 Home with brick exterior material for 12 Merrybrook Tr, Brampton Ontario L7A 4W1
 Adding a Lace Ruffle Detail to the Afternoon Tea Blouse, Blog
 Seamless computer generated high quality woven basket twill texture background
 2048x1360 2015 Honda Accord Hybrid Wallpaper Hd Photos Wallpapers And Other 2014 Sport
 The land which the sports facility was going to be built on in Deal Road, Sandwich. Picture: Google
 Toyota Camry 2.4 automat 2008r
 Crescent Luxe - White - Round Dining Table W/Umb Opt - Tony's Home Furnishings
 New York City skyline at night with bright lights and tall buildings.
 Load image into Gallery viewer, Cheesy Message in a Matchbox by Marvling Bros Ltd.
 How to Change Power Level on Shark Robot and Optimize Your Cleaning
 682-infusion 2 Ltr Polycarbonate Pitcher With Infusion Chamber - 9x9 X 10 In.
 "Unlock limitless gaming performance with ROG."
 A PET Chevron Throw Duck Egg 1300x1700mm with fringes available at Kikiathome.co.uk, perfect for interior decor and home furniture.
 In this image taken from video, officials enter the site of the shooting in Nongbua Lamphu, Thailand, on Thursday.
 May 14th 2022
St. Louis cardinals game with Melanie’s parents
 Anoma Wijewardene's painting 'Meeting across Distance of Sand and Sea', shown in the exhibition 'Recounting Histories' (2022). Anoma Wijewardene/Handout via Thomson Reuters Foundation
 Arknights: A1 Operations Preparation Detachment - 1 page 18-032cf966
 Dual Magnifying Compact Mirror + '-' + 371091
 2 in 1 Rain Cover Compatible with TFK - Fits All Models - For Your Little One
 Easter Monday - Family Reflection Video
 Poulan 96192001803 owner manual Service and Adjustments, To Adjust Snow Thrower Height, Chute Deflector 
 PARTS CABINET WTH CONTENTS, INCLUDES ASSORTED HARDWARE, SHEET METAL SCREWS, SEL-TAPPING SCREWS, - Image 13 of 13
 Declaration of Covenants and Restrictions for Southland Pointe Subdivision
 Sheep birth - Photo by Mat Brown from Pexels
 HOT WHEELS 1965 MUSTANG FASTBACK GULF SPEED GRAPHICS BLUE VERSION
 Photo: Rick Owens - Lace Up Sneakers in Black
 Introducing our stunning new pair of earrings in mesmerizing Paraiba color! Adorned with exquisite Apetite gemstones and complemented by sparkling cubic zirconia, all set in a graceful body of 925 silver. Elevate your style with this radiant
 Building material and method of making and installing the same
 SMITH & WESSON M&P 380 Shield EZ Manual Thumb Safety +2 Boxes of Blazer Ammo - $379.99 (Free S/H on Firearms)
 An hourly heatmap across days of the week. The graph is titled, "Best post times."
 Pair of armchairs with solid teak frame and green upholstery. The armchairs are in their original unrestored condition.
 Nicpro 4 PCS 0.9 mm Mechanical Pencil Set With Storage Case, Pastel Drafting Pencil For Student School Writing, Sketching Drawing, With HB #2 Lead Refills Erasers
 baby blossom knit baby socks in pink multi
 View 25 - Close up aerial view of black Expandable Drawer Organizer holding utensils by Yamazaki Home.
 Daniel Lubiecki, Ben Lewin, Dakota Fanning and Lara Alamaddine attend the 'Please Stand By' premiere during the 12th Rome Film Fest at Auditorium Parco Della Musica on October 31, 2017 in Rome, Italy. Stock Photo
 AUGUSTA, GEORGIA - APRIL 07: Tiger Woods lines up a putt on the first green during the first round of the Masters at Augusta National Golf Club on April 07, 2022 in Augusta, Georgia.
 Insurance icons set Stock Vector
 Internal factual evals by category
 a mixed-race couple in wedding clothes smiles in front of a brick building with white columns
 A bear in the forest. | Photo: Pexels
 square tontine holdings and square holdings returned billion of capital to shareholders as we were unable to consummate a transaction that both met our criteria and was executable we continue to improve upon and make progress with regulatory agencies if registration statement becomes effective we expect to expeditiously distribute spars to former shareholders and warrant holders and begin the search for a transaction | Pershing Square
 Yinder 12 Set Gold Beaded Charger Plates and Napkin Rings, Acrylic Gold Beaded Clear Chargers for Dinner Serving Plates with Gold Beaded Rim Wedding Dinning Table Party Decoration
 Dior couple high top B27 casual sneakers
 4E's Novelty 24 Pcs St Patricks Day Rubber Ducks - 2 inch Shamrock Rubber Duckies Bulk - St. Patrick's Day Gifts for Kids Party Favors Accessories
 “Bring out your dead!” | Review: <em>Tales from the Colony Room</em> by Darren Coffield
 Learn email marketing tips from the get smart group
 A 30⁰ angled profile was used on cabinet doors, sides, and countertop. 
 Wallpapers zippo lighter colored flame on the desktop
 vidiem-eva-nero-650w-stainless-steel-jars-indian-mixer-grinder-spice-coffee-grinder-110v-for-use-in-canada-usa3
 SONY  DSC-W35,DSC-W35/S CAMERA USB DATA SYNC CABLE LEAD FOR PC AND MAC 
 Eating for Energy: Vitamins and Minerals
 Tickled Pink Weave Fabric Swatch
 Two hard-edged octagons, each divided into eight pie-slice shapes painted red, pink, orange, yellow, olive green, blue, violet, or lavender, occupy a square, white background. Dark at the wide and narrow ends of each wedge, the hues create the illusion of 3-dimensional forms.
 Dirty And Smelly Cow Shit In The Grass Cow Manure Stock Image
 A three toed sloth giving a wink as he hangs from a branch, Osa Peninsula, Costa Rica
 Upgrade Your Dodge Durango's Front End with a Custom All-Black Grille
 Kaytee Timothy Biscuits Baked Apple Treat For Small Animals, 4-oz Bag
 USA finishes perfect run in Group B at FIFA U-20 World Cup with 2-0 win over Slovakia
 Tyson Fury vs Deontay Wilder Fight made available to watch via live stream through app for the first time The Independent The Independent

> YOUR TASK
Reproduce only the lines above, starting at the line with "PARTS CABINET WTH" and ending at the line with "View 25 - Close", exactly as written.

> ANSWER FOR THIS EXERCISE
 PARTS CABINET WTH CONTENTS, INCLUDES ASSORTED HARDWARE, SHEET METAL SCREWS, SEL-TAPPING SCREWS, - Image 13 of 13
 Declaration of Covenants and Restrictions for Southland Pointe Subdivision
 Sheep birth - Photo by Mat Brown from Pexels
 HOT WHEELS 1965 MUSTANG FASTBACK GULF SPEED GRAPHICS BLUE VERSION
 Photo: Rick Owens - Lace Up Sneakers in Black
 Introducing our stunning new pair of earrings in mesmerizing Paraiba color! Adorned with exquisite Apetite gemstones and complemented by sparkling cubic zirconia, all set in a graceful body of 925 silver. Elevate your style with this radiant
 Building material and method of making and installing the same
 SMITH & WESSON M&P 380 Shield EZ Manual Thumb Safety +2 Boxes of Blazer Ammo - $379.99 (Free S/H on Firearms)
 An hourly heatmap across days of the week. The graph is titled, "Best post times."
 Pair of armchairs with solid teak frame and green upholstery. The armchairs are in their original unrestored condition.
 Nicpro 4 PCS 0.9 mm Mechanical Pencil Set With Storage Case, Pastel Drafting Pencil For Student School Writing, Sketching Drawing, With HB #2 Lead Refills Erasers
 baby blossom knit baby socks in pink multi
 View 25 - Close up aerial view of black Expandable Drawer Organizer holding utensils by Yamazaki Home.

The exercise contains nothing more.